▸ **Source data**
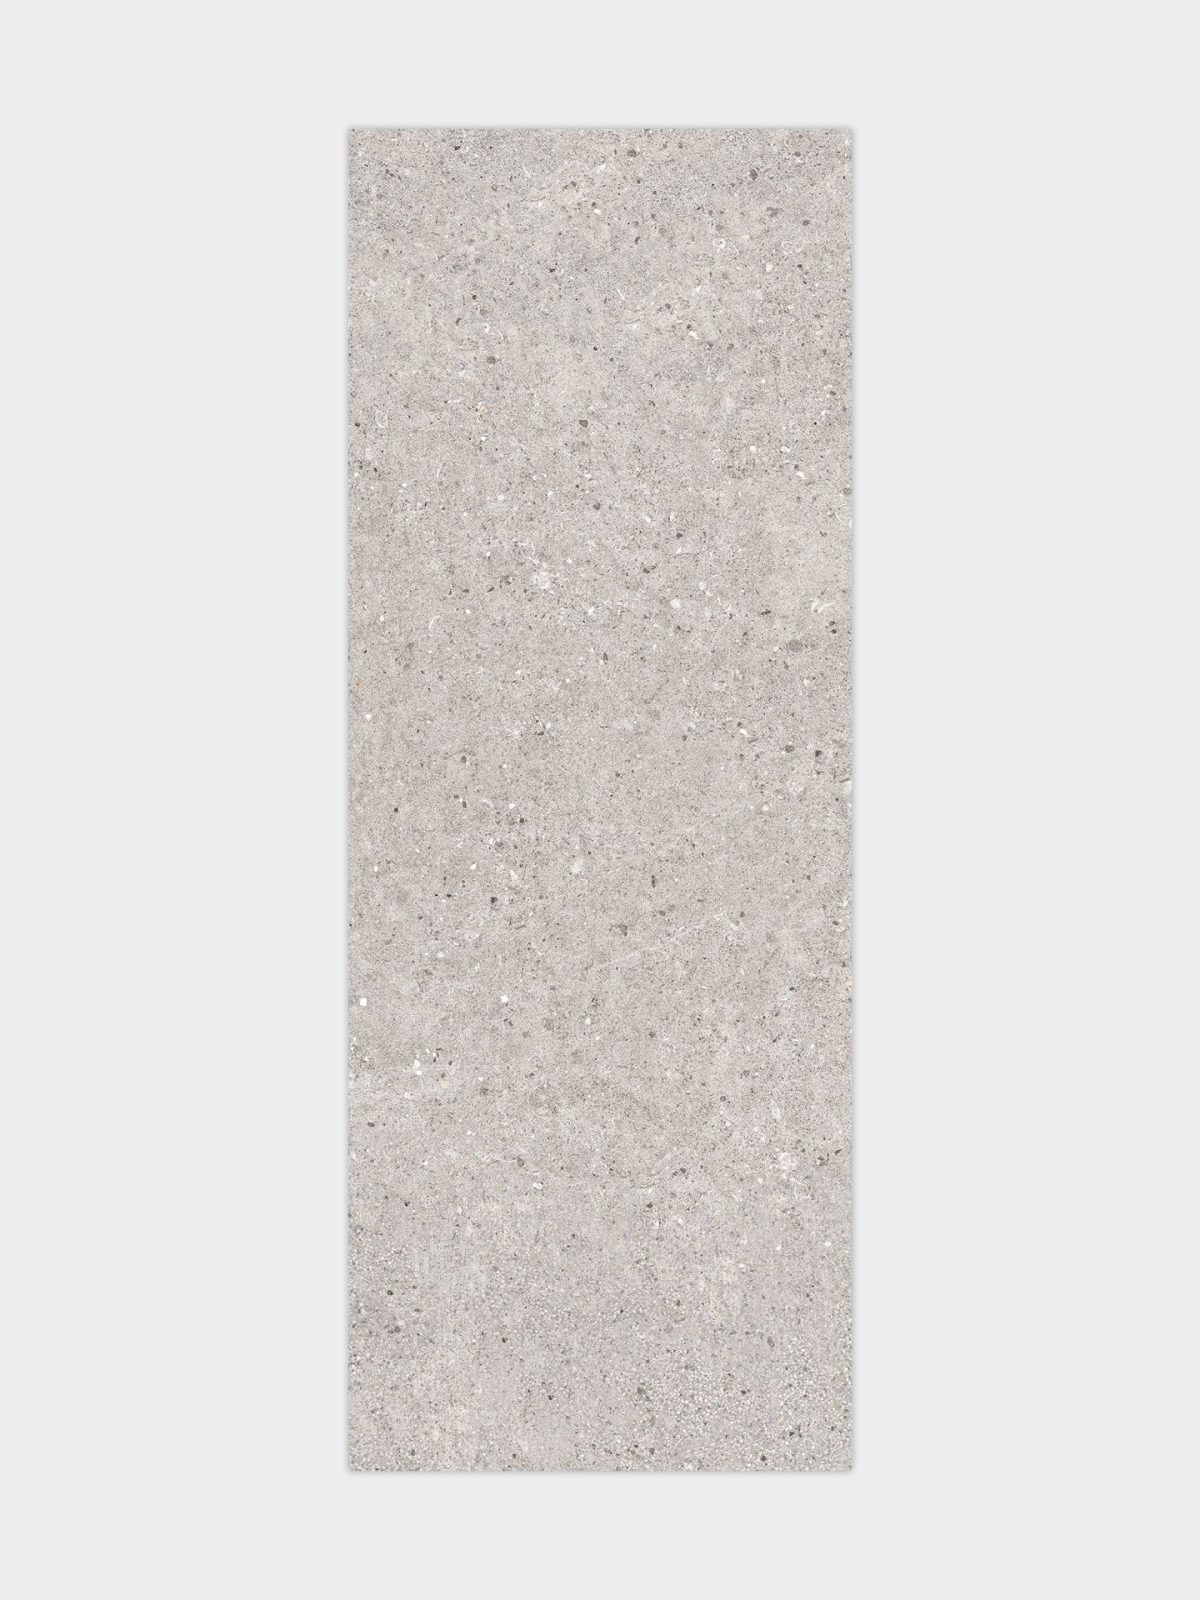 Brouwerij smal aanbidden Porcelanosa Prada Acero 45x120cm 100239845 | Tile and Stone Online
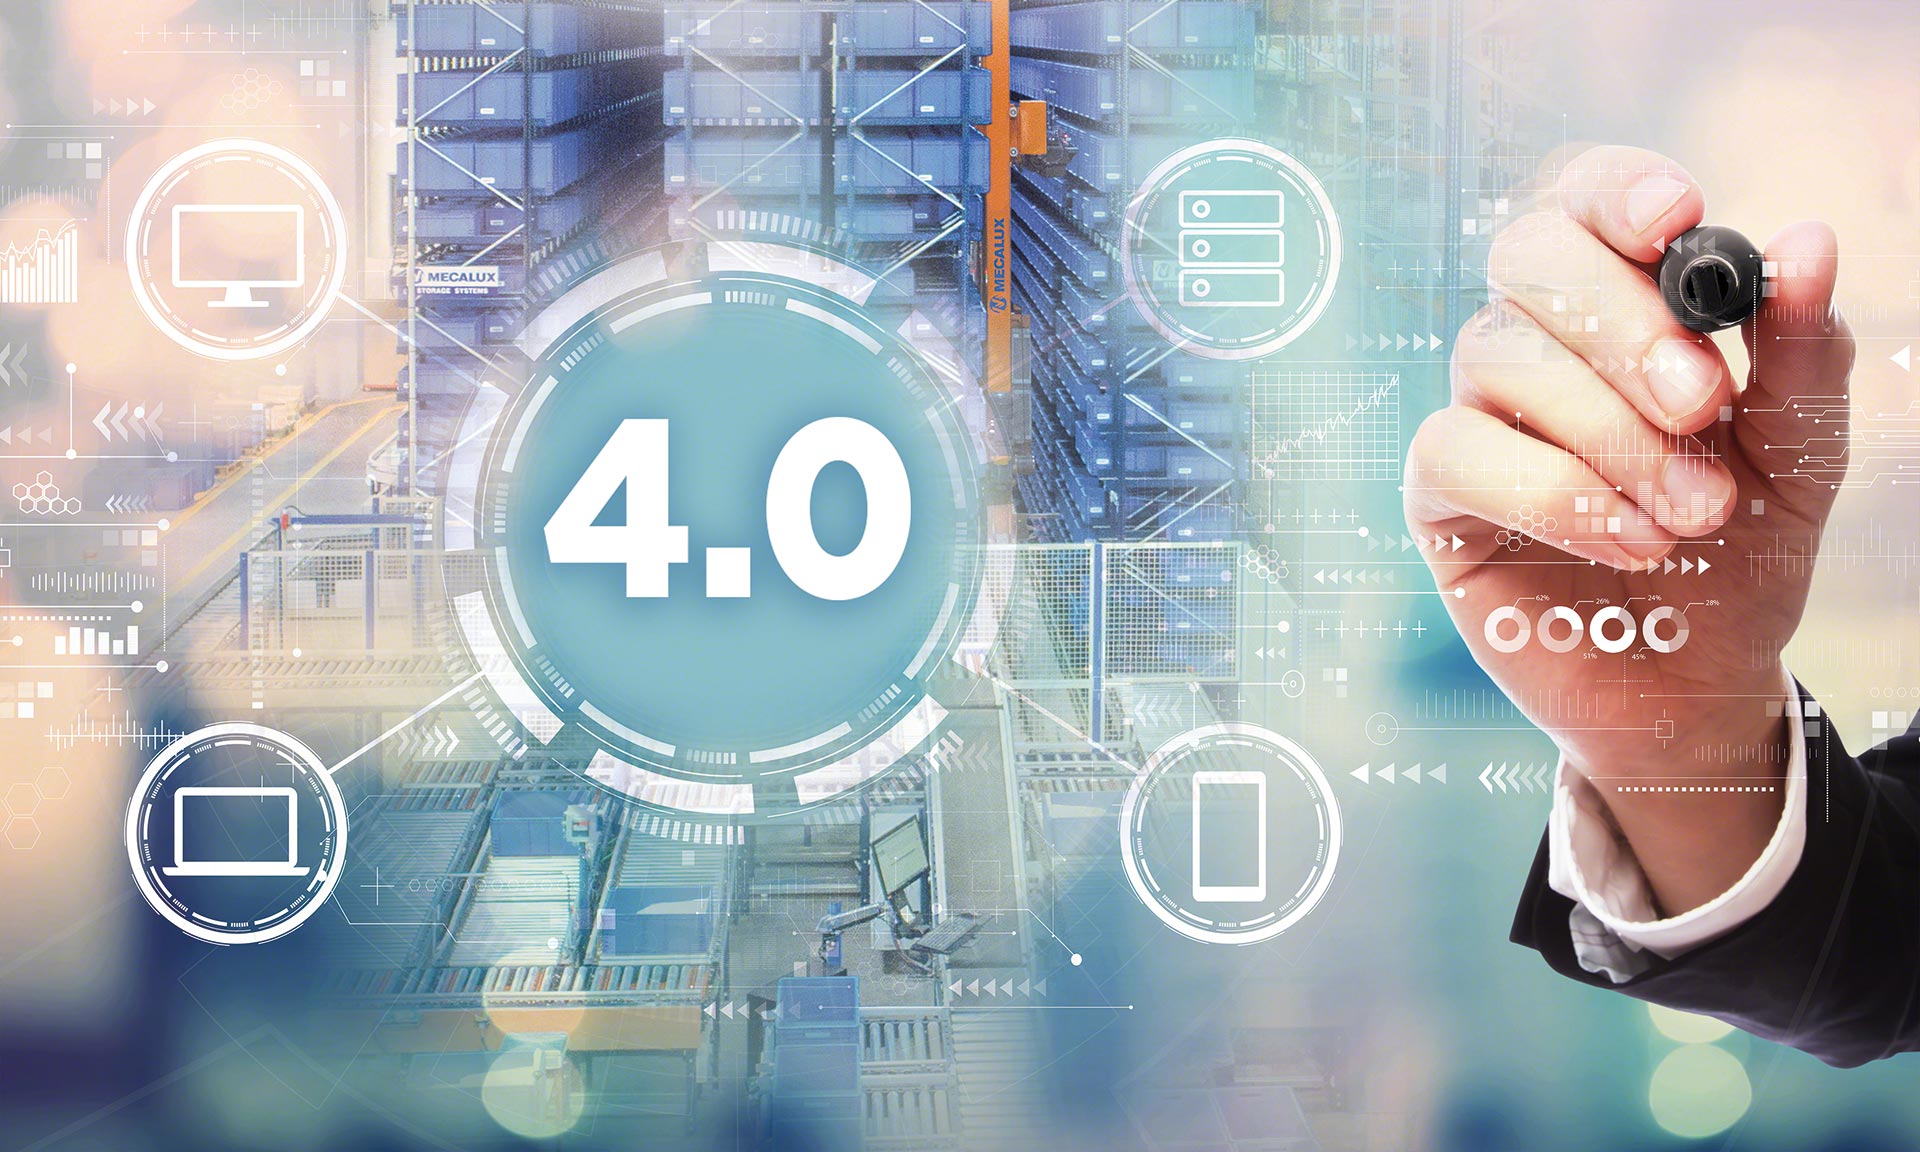 La industria 4.0 cuenta con ejemplos de clientes que utilizan la última tecnología para optimizar su logística
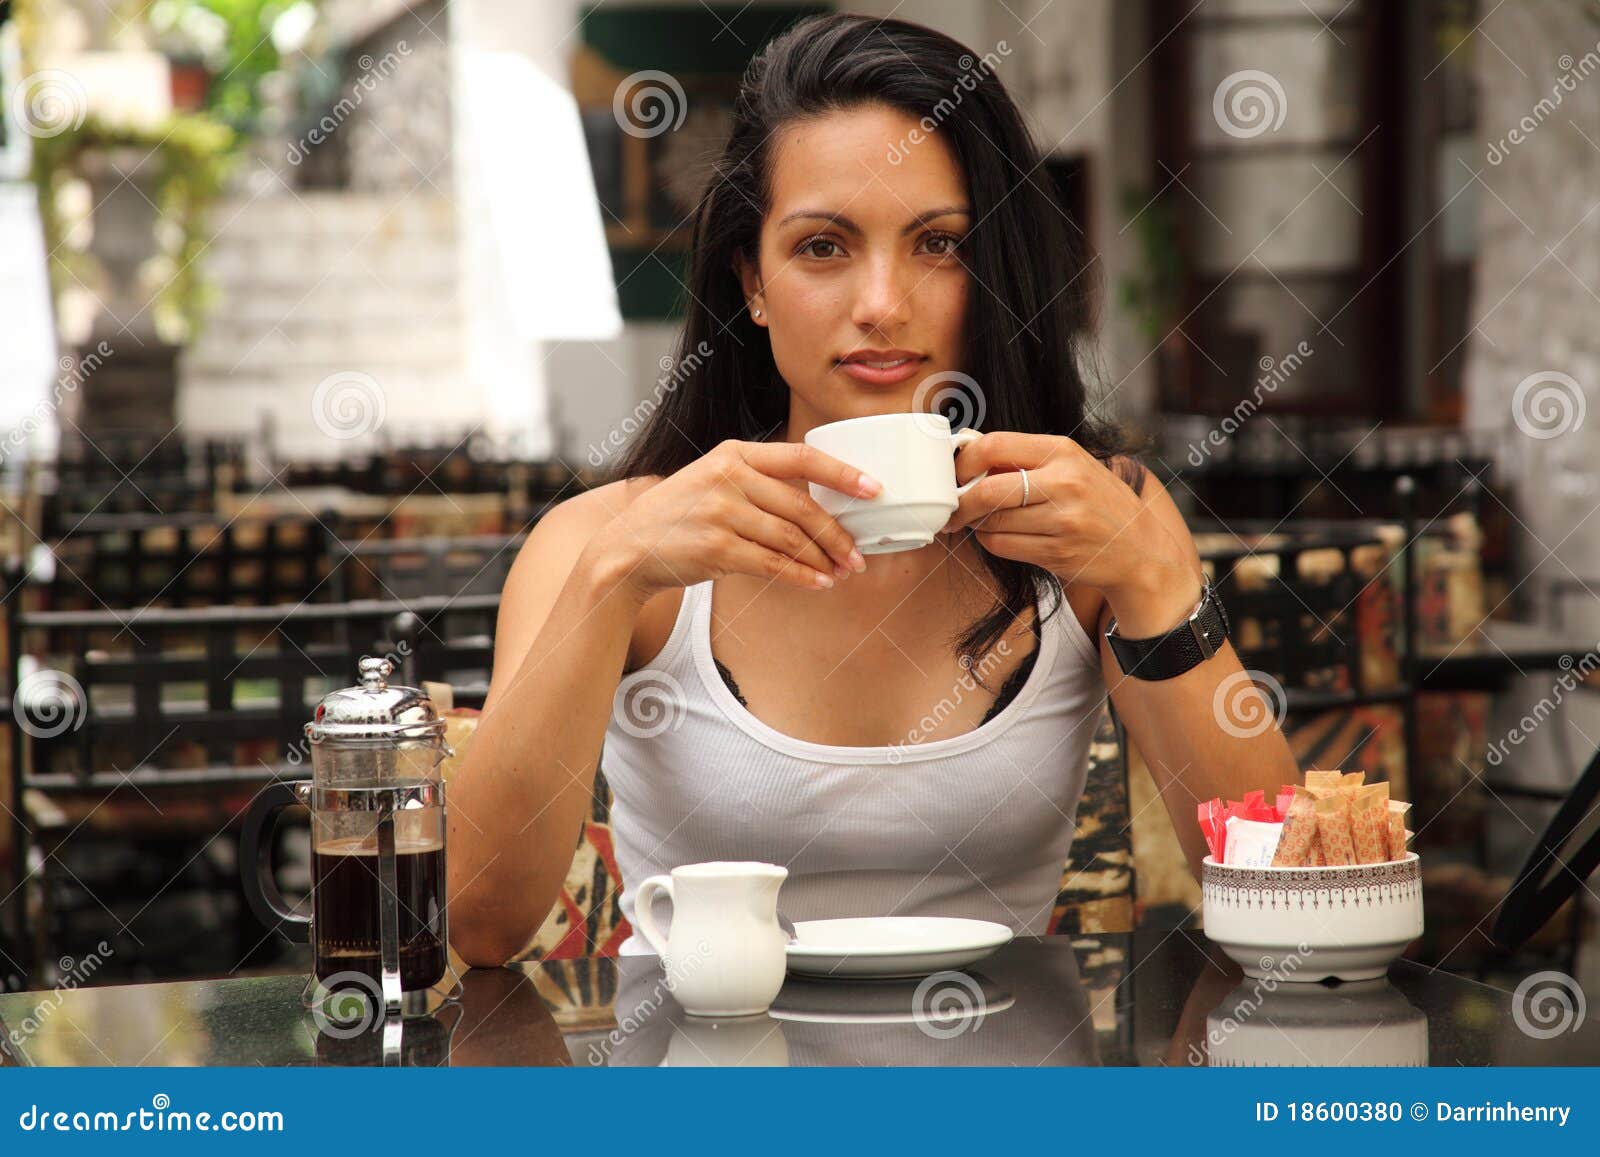 Café bebendo da mulher mediterrânea bonita. Mulher mediterrânea nova bonita que senta-se no café ao ar livre do pátio, café fresco bebendo

▸ **Activity**
Restate the material word for word from its first line through the line containing "La industria 4.0", both included; the pictures do not belong in it.

▸ **Exercise response**
 Brouwerij smal aanbidden Porcelanosa Prada Acero 45x120cm 100239845 | Tile and Stone Online
 La industria 4.0 cuenta con ejemplos de clientes que utilizan la última tecnología para optimizar su logística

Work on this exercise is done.